Поездки в город оканчивались почти всегда долгими минутами, проводимыми в корчме, минутами, которые растягивались до четверти часа, а через некоторое время и до получаса. Странным было, однако, что никогда к нему не подсаживались больше, чем один или два старичка. Чаще всего они вообще подходили по очереди и очень редко — по двое сразу. А народ на улице, даже если поджидал его кучно, немедленно после приветствия рассеивался в разные стороны.

С охранниками Козеф Й. уладил дело простейшим образом. Фабиусу он сказал: «Вот, купил лопату», — и по дороге держал лопату на коленях. Фабиус не придал никакого значения этому событию. То же и Франц Хосс. «Вот, купил кайло», — объявил ему Козеф Й., и Франц Хосс не придал кайлу никакого значения.

Что больше всего мучило Козефа Й., так это то, что он не знал, как далеко может зайти это молчаливое попустительство со стороны охранников. Охранники, скорее всего, не имели бы ничего против, если бы он заявил, что решил одну ночь переночевать дома. Только он боялся, что такой оборот событий пробудил бы подозрения в городе. Он бы наверняка порастряс свой престиж, узнай народ, что он может позволить себе даже ночевать в городе. Постепенно Козефу Й. стало хотеться, чтобы Фабиус или Франц Хосс при всем народе одергивали его, дабы все видели, что он терпит.

Каждый день, только проснувшись, он бежал в охранников клозет и смотрелся в зеркало. Он никогда теперь не брился начисто, а оставлял на щеках трехдневную щетину, что придавало ему вид слегка усталый и измученный, но в то же время достойный. Когда предстояла поездка за хлебом, он старался ночью поменьше спать, чтобы под глазами были круги, а лицо — помятое. Народ должен был видеть его всегда таким, каким хотел видеть: благородным, героическим и в то же время усталым и изможденным. Он был заключенный-победитель, а таковому негоже являться на люди с двойным подбородком и румянцем на щеках.
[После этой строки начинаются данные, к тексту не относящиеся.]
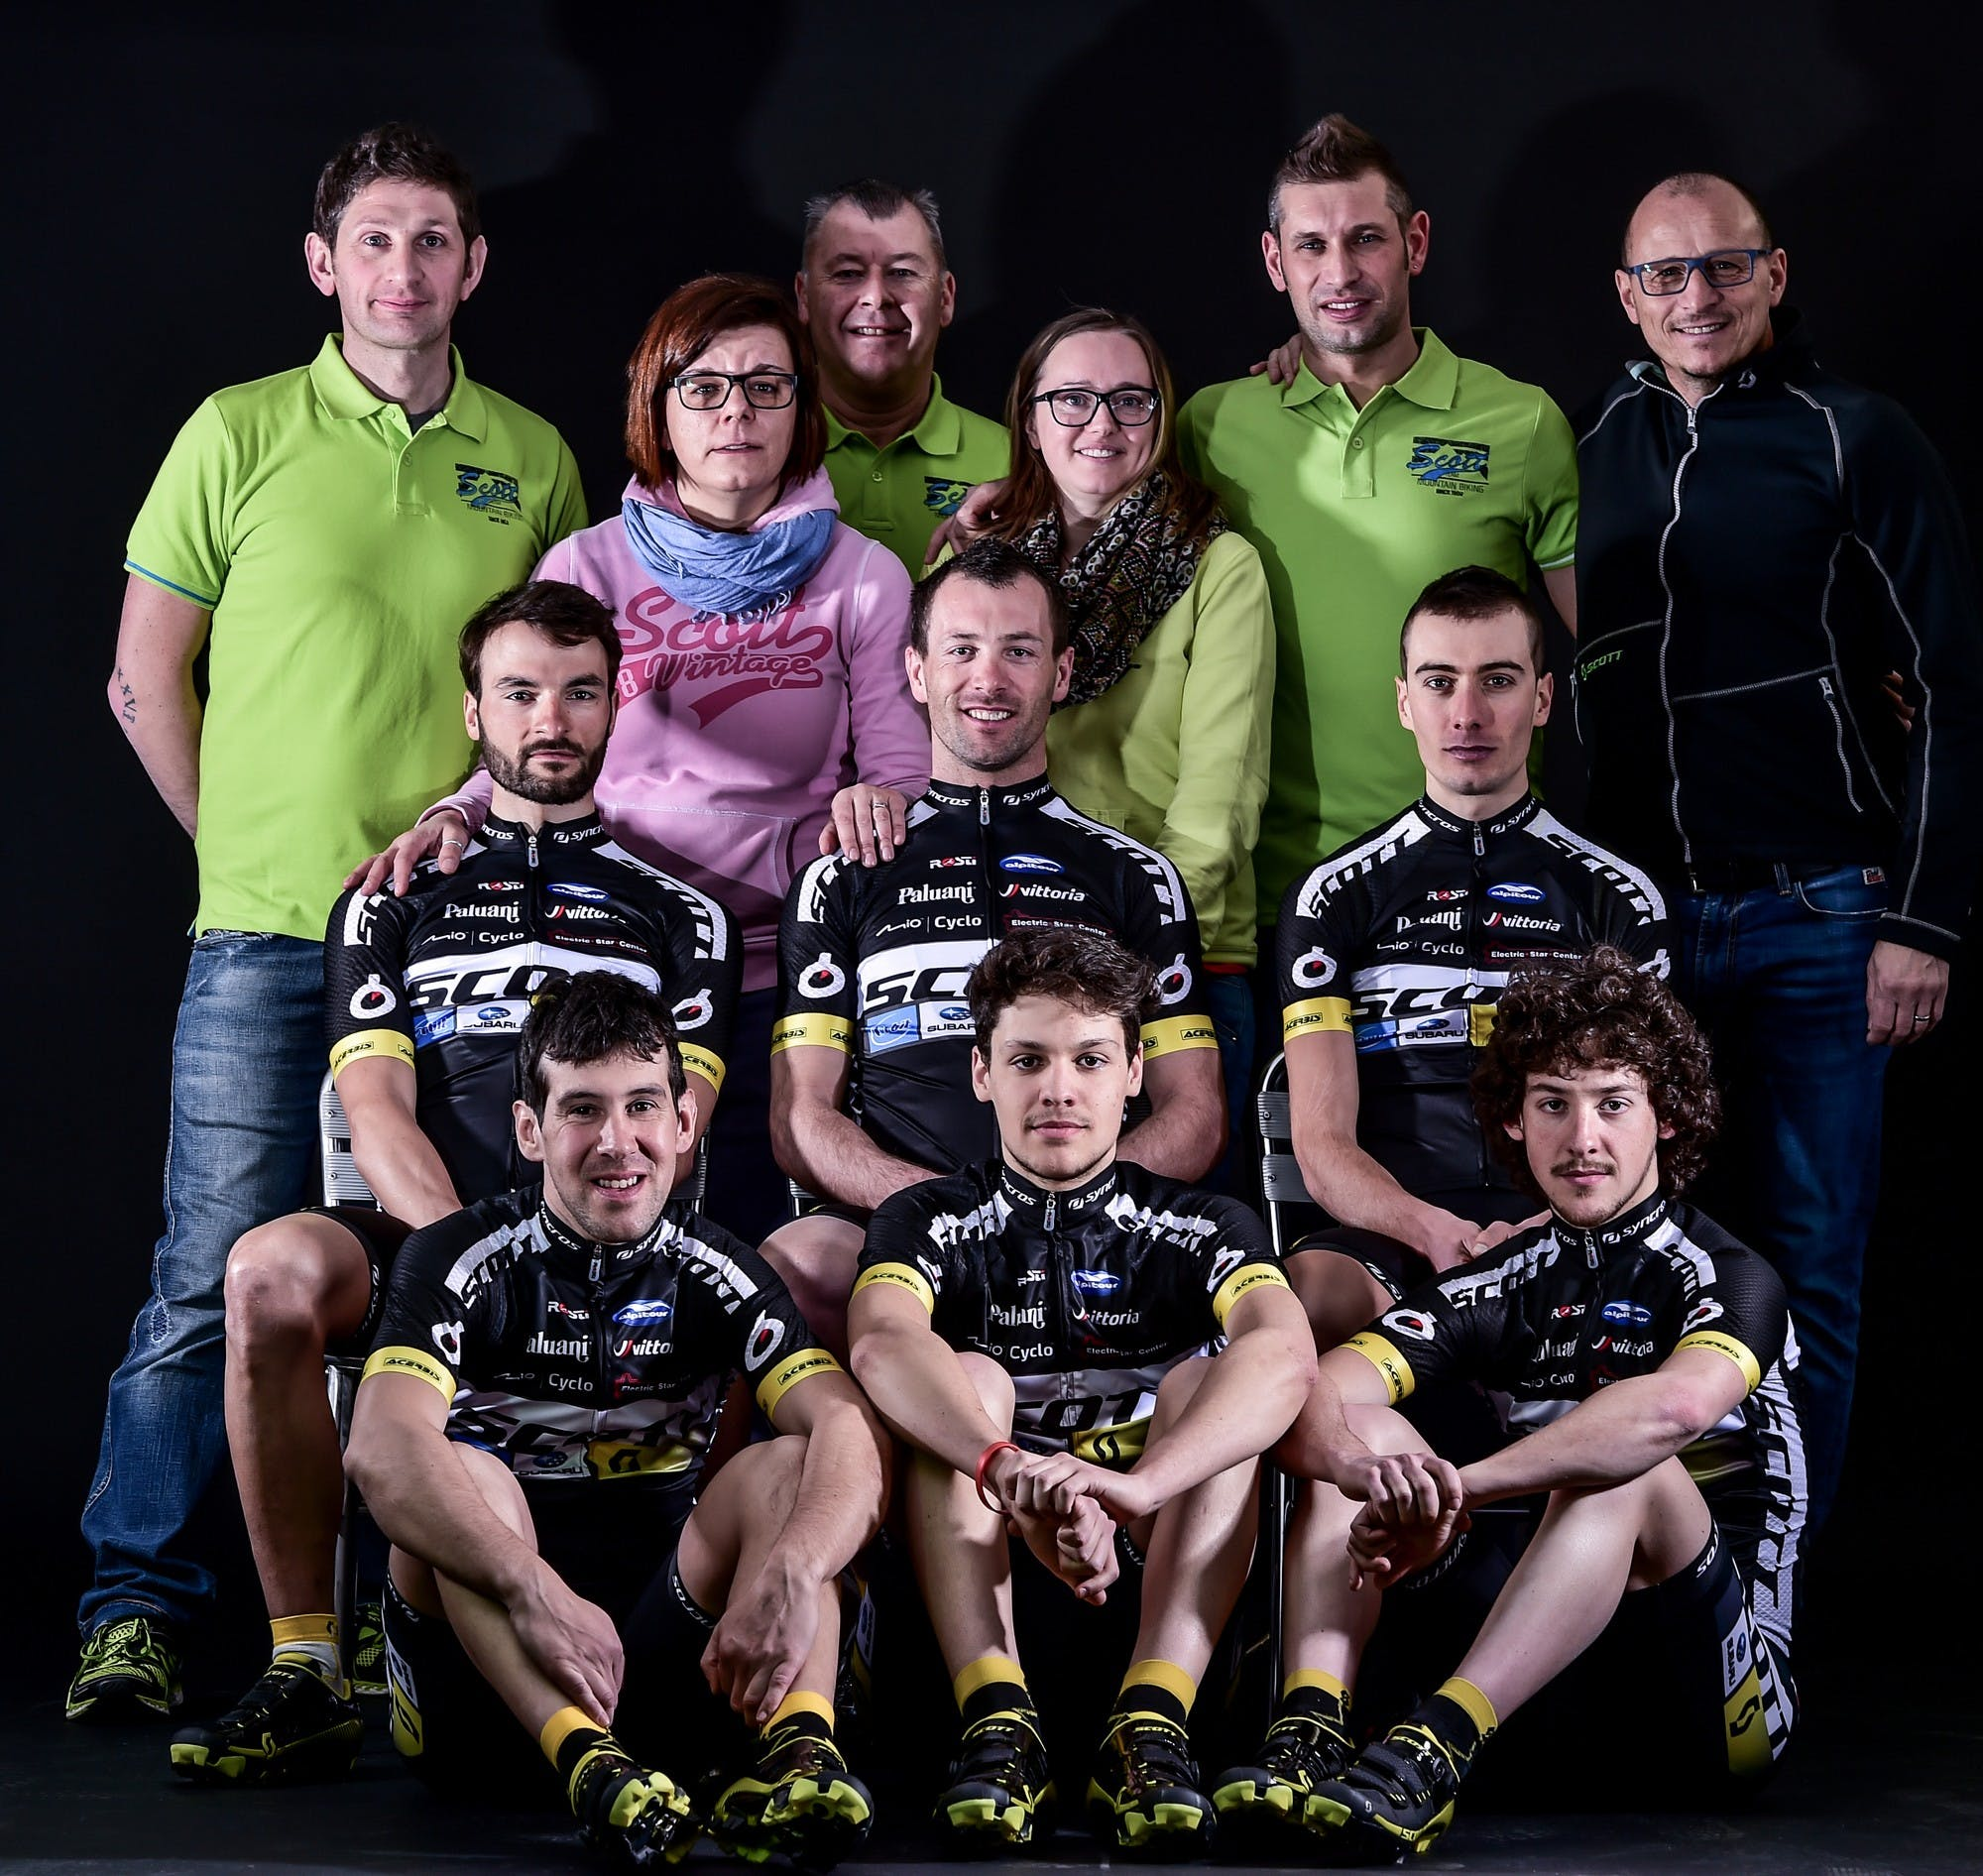 scott team2

Он позаботился и о своей робе. Он больше не стирал ее, как раньше, и старался, чтобы она пусть и не расползлась совсем, но была откровенно рваной. Заношенное и рваное платье дополняло его образ достойного борца, который не стыдится своей боевой одежды.

23

Когда Козеф Й. разделался с покупками, последовала другая просьба: поддерживать самую тесную связь с кухней.
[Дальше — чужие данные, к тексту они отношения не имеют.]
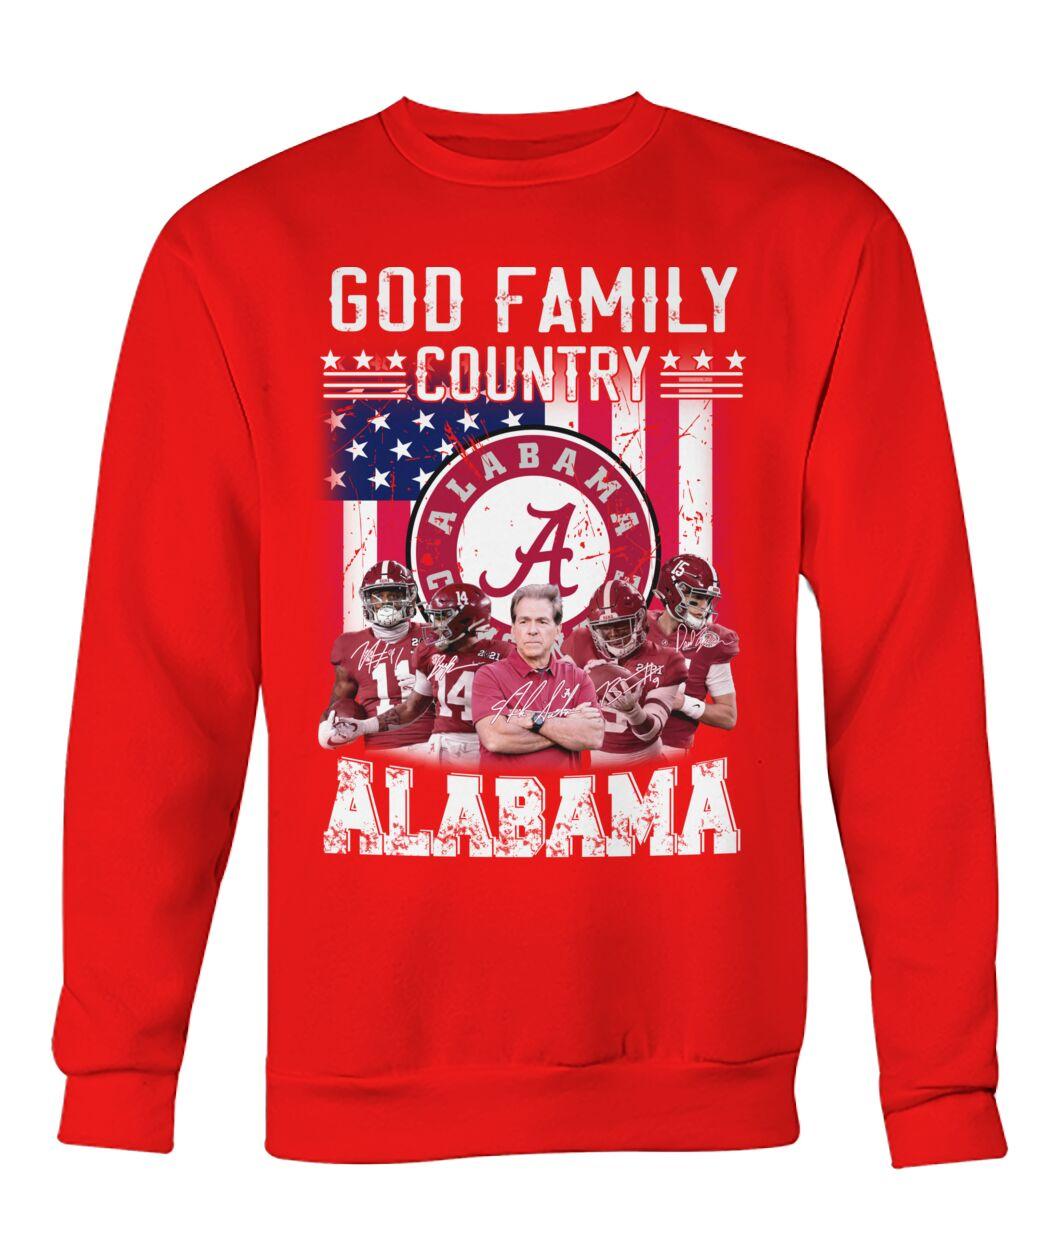 God family country Alabama crimson tide american flag sweatshirt

— Зачем? — в замешательстве спросил Козеф Й.

— Мы, знаете ли, — забормотал человек, слегка смущаясь, — мы готовимся к зиме.

Это множественное число больше не озадачивало Козефа Й. У него уже была оказия убедиться, что там, среди мусорных курганов, в руинах бывших корпусов, в заброшенных подвалах, идет работа.

Козеф Й. с завистью смотрел на человека с веселым лицом. Завидовал он ему, потому что человек с веселым лицом был всегда занят, всегда нацелен на решение чего-то и всегда выказывал оптимизм в отношении того, что предстояло сделать.

Его просьбы были точны, и, когда он их формулировал, у него был такой вид, как будто за ними стоит что-то крайне важное.

— А что мне делать на кухне? — спросил Козеф Й.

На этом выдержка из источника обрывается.